### Saved data entries
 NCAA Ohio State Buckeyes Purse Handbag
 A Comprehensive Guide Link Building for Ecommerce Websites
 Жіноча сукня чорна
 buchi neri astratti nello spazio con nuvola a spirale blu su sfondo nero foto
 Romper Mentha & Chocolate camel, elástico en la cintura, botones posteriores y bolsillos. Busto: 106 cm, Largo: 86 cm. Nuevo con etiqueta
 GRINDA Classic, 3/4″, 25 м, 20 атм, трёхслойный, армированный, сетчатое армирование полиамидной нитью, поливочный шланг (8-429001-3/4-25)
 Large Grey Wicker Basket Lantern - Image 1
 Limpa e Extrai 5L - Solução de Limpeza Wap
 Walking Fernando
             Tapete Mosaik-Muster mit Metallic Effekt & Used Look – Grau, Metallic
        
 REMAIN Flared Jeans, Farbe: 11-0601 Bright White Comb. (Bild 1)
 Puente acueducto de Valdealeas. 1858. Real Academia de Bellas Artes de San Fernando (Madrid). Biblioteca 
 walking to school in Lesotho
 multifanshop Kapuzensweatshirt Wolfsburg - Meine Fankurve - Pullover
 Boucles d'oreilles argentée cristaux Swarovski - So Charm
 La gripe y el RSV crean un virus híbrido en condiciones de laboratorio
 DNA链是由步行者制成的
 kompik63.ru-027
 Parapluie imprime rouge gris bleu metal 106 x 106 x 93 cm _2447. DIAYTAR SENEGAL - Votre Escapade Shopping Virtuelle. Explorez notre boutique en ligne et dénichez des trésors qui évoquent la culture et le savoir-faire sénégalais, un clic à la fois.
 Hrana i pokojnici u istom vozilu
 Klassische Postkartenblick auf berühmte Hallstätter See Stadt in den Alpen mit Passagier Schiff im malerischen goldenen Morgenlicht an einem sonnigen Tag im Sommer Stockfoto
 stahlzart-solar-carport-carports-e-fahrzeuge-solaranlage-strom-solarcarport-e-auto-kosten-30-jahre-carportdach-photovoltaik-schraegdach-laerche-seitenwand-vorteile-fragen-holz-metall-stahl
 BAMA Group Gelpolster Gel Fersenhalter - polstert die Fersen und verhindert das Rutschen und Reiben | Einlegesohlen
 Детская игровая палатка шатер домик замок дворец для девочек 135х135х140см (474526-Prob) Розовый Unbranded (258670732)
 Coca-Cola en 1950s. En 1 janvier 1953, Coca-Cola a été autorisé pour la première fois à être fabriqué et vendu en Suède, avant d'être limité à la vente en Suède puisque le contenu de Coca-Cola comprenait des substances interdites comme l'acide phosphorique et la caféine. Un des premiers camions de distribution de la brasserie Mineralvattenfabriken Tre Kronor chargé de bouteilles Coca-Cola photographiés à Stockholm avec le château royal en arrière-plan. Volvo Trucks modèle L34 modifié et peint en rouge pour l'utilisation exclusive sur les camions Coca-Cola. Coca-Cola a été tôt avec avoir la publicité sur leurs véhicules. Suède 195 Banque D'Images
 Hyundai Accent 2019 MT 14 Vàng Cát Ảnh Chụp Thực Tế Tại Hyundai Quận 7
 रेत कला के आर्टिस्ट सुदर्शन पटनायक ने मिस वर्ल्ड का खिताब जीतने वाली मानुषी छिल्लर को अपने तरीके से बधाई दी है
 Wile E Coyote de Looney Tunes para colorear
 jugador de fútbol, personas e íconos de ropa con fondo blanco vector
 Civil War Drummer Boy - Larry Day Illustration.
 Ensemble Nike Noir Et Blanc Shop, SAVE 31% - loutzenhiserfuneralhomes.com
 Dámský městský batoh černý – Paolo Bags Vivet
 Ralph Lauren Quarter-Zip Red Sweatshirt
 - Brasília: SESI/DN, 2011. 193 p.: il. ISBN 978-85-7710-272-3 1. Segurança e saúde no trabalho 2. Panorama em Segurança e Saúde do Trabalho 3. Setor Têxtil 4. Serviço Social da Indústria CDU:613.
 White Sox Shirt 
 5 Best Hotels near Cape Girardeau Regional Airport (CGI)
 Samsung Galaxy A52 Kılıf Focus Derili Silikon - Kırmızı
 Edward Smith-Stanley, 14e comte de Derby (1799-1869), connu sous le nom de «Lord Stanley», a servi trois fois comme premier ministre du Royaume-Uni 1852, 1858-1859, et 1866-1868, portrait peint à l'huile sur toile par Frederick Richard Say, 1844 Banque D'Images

### PROBLEM DETAILS
Only the lines from the top of the data through the line that contains "Romper Mentha &" should be quoted, exactly as they stand.

### ANSWER SECTION
 NCAA Ohio State Buckeyes Purse Handbag
 A Comprehensive Guide Link Building for Ecommerce Websites
 Жіноча сукня чорна
 buchi neri astratti nello spazio con nuvola a spirale blu su sfondo nero foto
 Romper Mentha & Chocolate camel, elástico en la cintura, botones posteriores y bolsillos. Busto: 106 cm, Largo: 86 cm. Nuevo con etiqueta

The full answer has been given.